-------- Recorded information --------

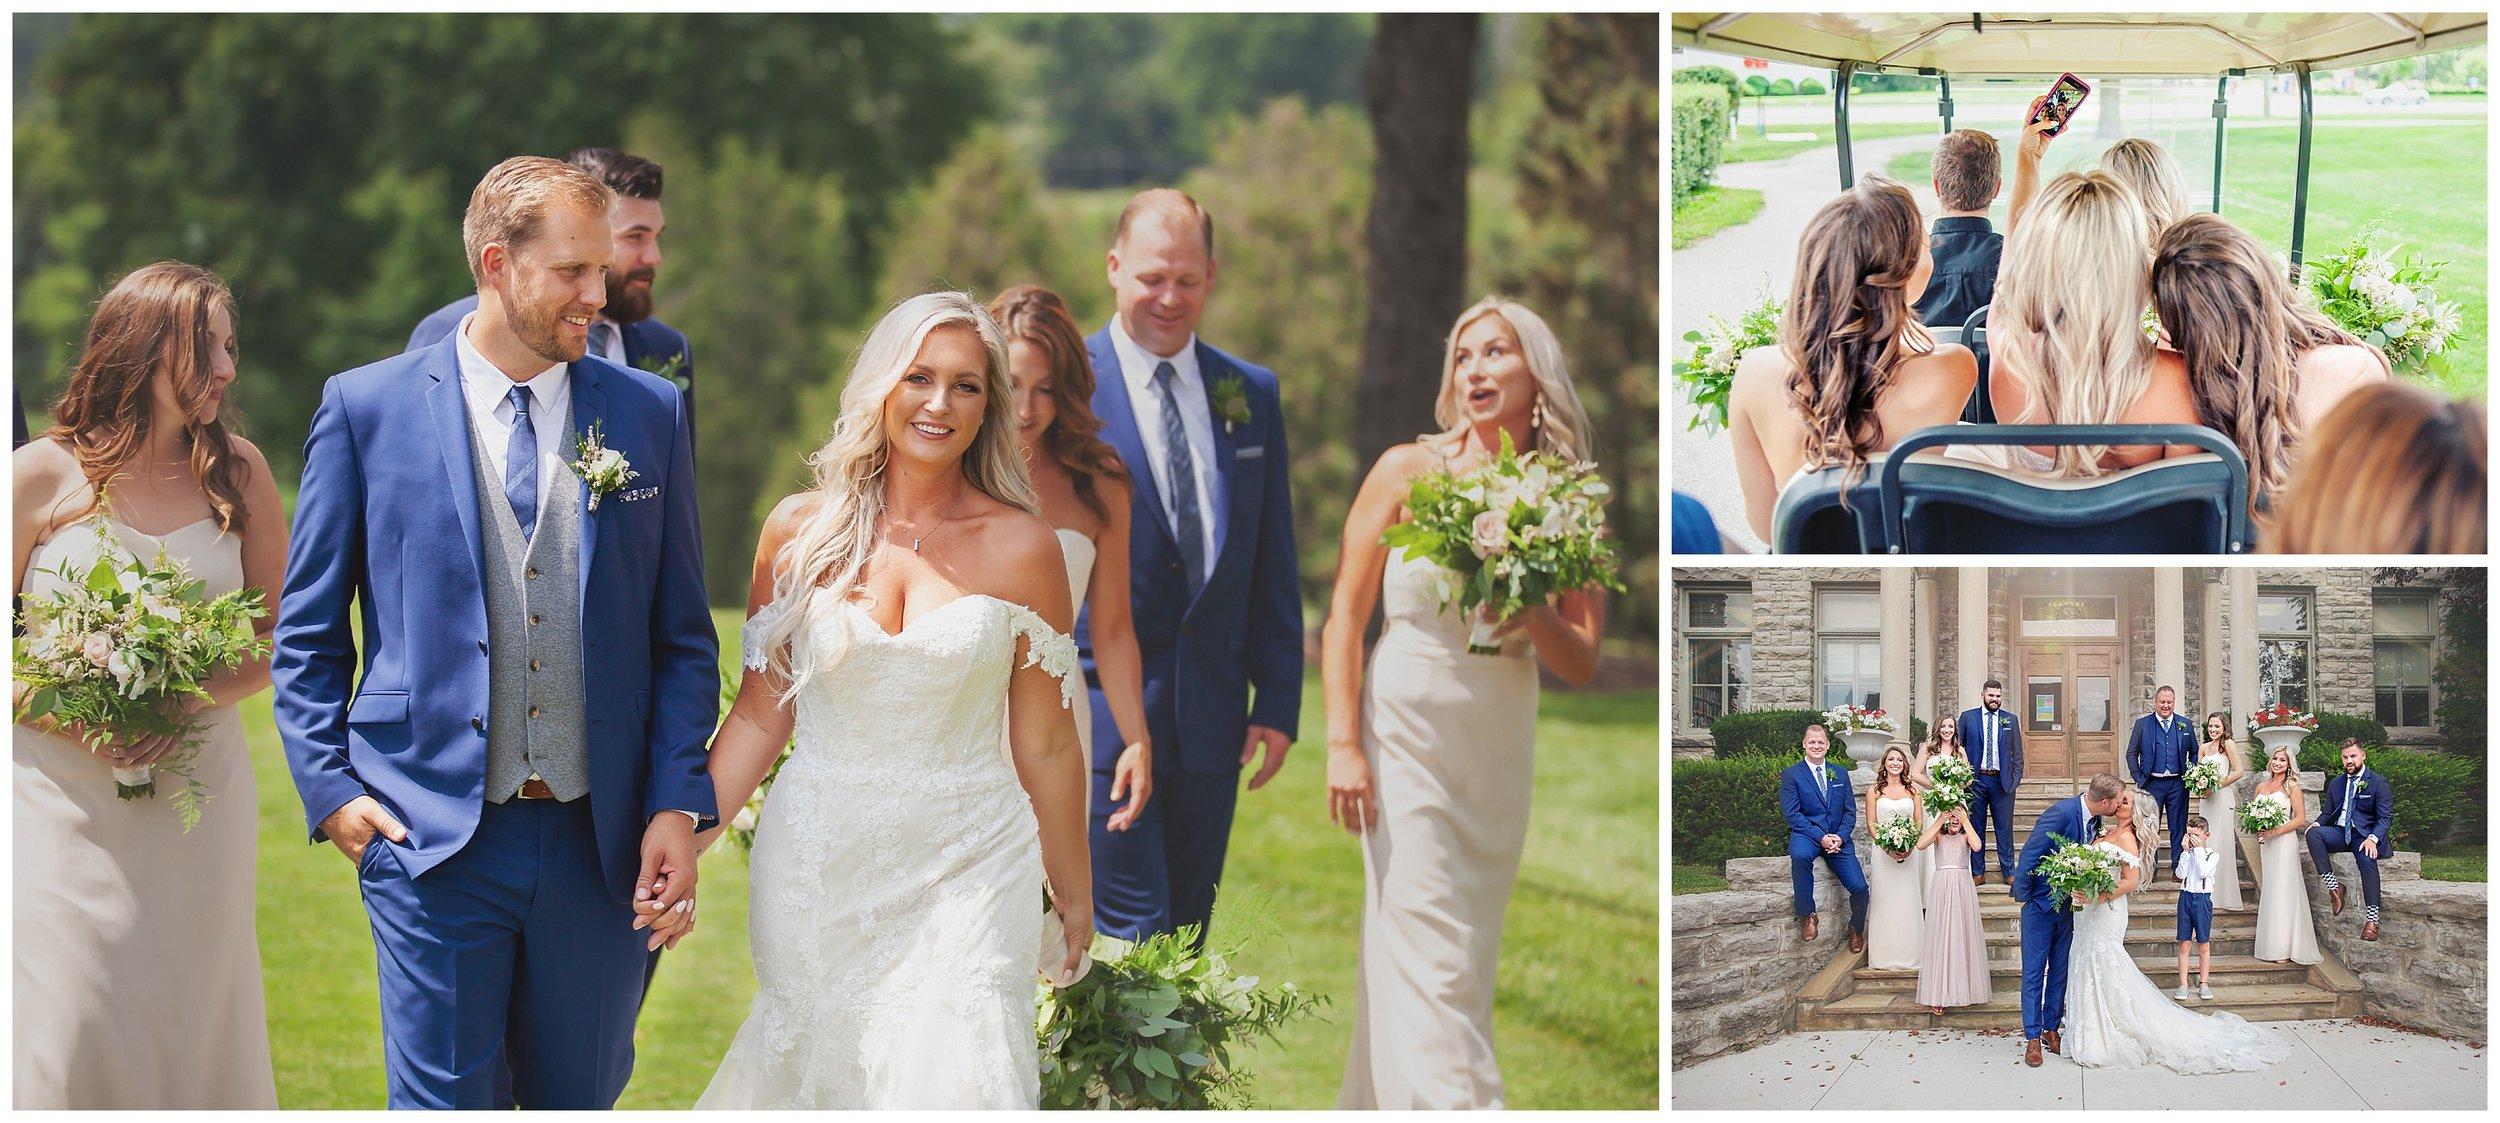 VanDaele-Russell-Wedding-Photography-London-Toronto-Ontario_0173.jpg
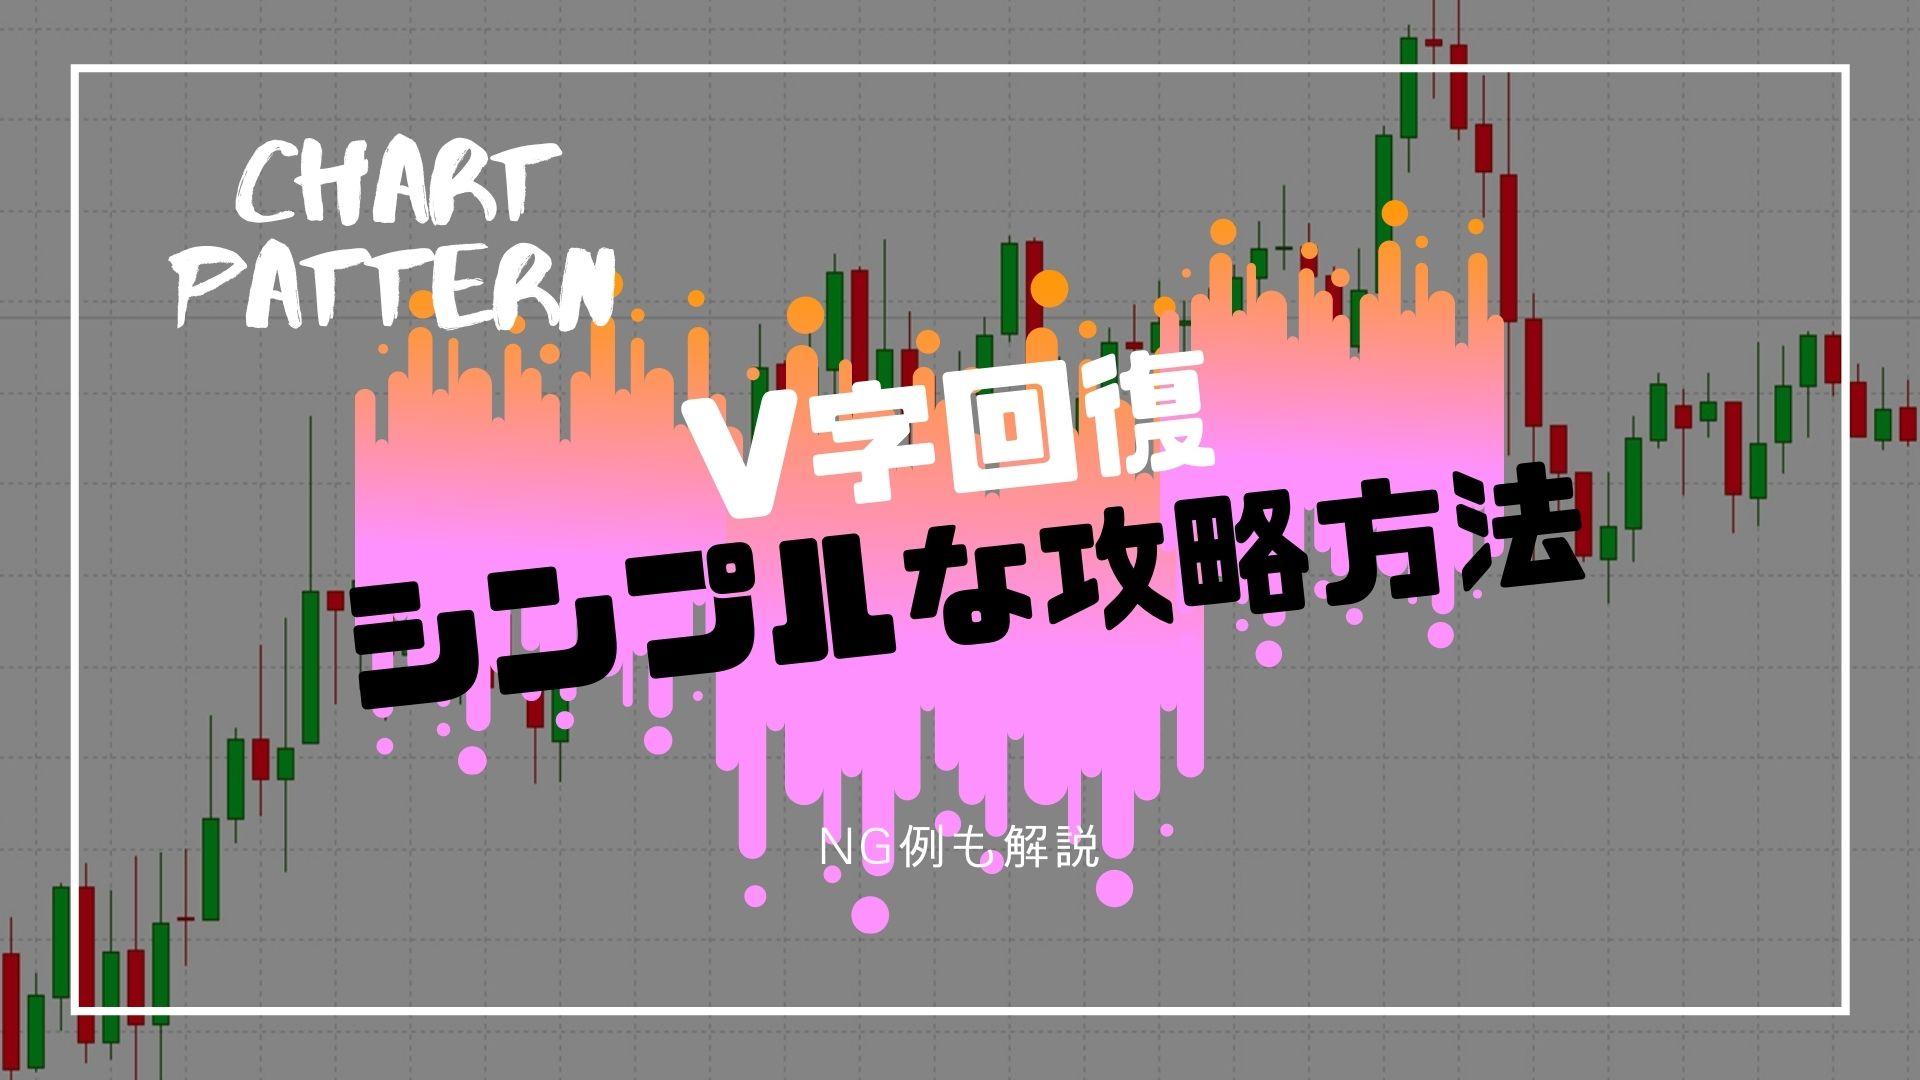 v-reversal-pattern-title
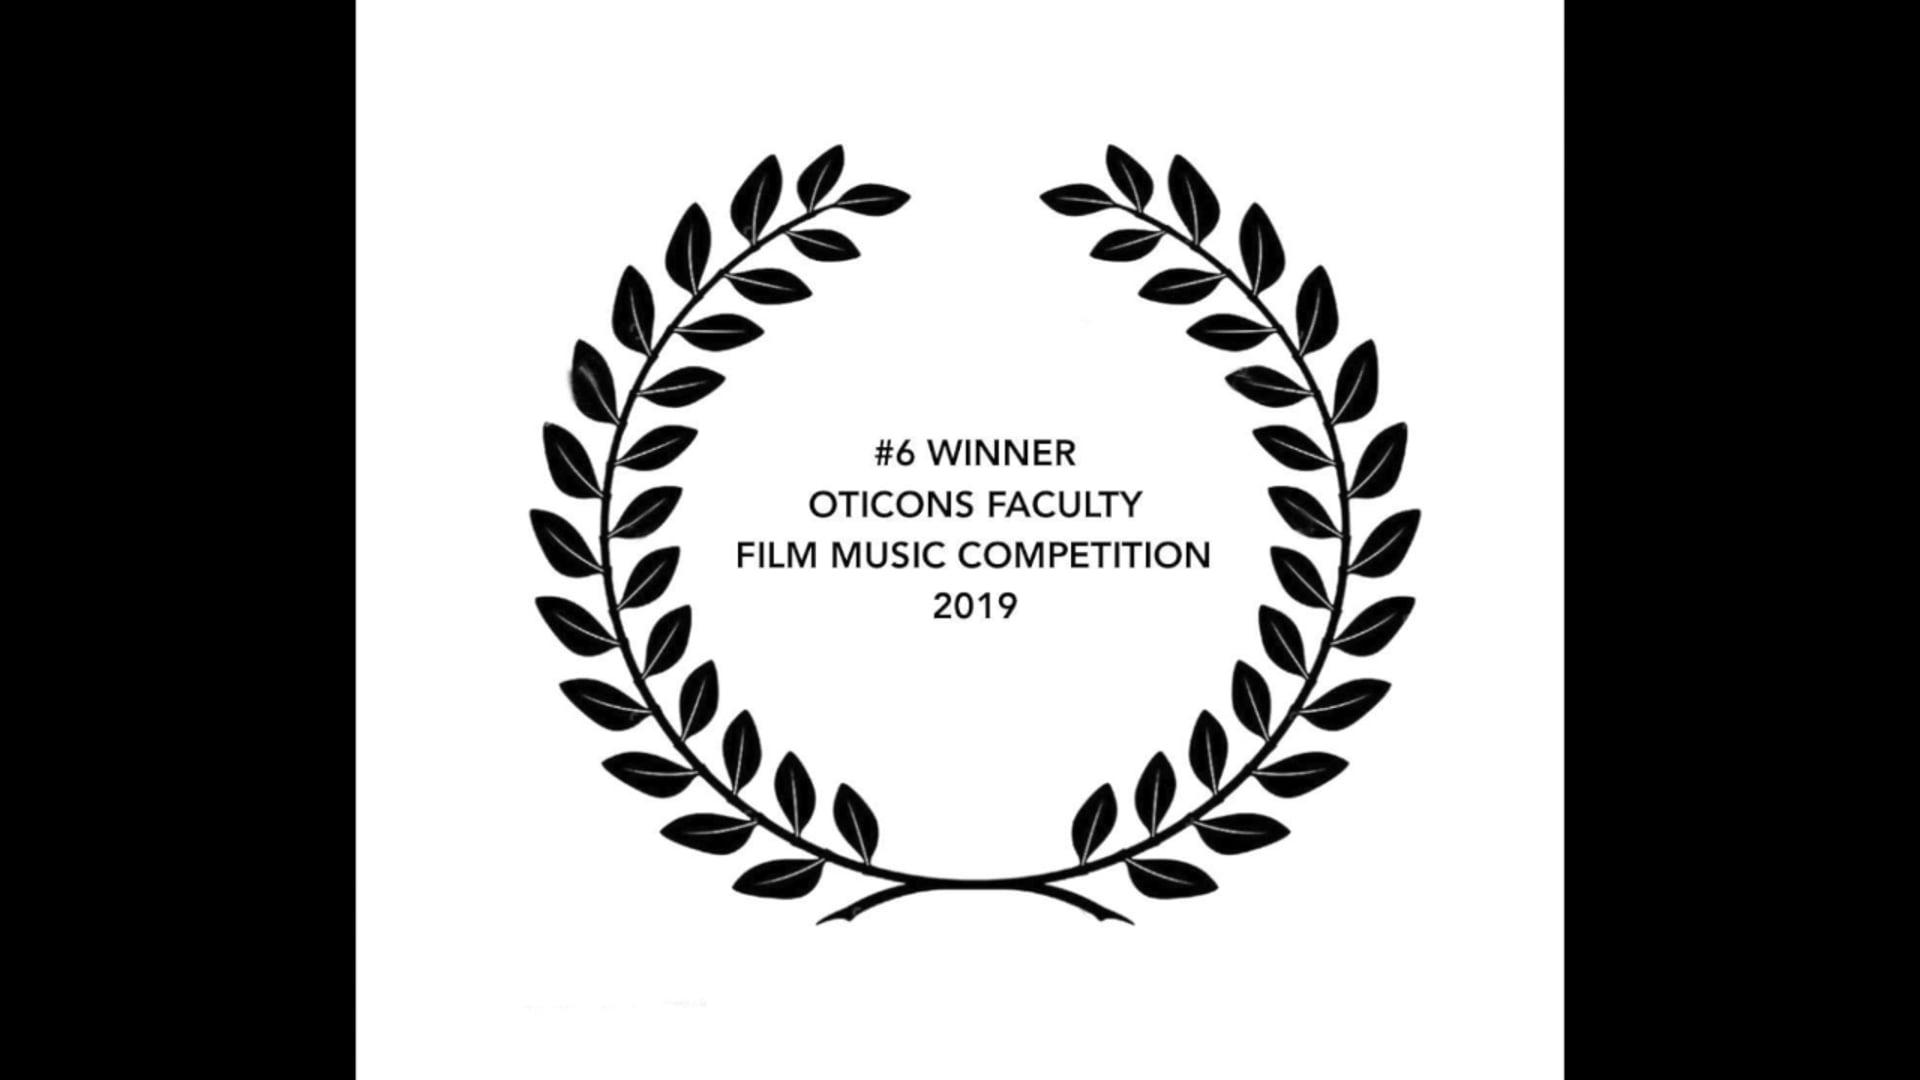 Oticons Faculty Score a Scene

--------

- _What the exercise asks_
Set out nothing but the lines from the line with "v-reversal-pattern-title" through the end of the material, reproduced exactly, both ends included, pictures omitted.

- _Answer section_
 v-reversal-pattern-title
 Oticons Faculty Score a Scene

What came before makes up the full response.